▶ **Your goal**:
In the listing below, find each line with the string "Shirt" and report it.

::: Data to process :::

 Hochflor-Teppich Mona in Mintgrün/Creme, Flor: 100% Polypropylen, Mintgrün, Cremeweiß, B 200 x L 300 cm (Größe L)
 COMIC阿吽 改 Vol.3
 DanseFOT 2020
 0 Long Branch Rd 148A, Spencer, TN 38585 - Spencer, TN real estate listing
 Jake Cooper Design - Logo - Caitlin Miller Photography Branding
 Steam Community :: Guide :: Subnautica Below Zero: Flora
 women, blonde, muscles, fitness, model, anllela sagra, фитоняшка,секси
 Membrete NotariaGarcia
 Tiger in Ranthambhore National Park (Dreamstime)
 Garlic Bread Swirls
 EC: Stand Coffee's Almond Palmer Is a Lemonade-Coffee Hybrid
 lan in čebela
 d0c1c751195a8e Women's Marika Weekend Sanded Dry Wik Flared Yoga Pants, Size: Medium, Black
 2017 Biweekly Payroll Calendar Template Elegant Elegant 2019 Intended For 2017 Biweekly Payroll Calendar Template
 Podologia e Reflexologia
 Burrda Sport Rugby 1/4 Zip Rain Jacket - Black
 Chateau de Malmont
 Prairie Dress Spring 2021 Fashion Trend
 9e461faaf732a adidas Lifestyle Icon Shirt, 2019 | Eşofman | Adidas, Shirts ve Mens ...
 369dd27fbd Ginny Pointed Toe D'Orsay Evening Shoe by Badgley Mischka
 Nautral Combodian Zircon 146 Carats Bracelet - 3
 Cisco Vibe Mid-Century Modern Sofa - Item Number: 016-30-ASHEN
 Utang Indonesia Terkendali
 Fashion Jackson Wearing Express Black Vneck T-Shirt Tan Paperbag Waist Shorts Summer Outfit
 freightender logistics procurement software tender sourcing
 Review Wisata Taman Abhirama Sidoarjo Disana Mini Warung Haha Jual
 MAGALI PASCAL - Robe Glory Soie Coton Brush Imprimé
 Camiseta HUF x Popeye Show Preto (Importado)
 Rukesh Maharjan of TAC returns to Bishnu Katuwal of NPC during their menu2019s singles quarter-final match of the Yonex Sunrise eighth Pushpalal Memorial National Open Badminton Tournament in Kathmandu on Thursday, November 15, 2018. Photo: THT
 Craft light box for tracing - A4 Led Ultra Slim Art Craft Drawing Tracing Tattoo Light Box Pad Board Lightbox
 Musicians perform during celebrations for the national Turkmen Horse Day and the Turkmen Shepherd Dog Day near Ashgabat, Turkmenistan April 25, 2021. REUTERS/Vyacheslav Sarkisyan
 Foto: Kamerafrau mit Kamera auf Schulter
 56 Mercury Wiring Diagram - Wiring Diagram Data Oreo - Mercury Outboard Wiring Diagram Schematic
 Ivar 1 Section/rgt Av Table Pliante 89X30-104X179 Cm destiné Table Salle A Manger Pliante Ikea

:::

▶ **Task answer**:
 9e461faaf732a adidas Lifestyle Icon Shirt, 2019 | Eşofman | Adidas, Shirts ve Mens ...
 Fashion Jackson Wearing Express Black Vneck T-Shirt Tan Paperbag Waist Shorts Summer Outfit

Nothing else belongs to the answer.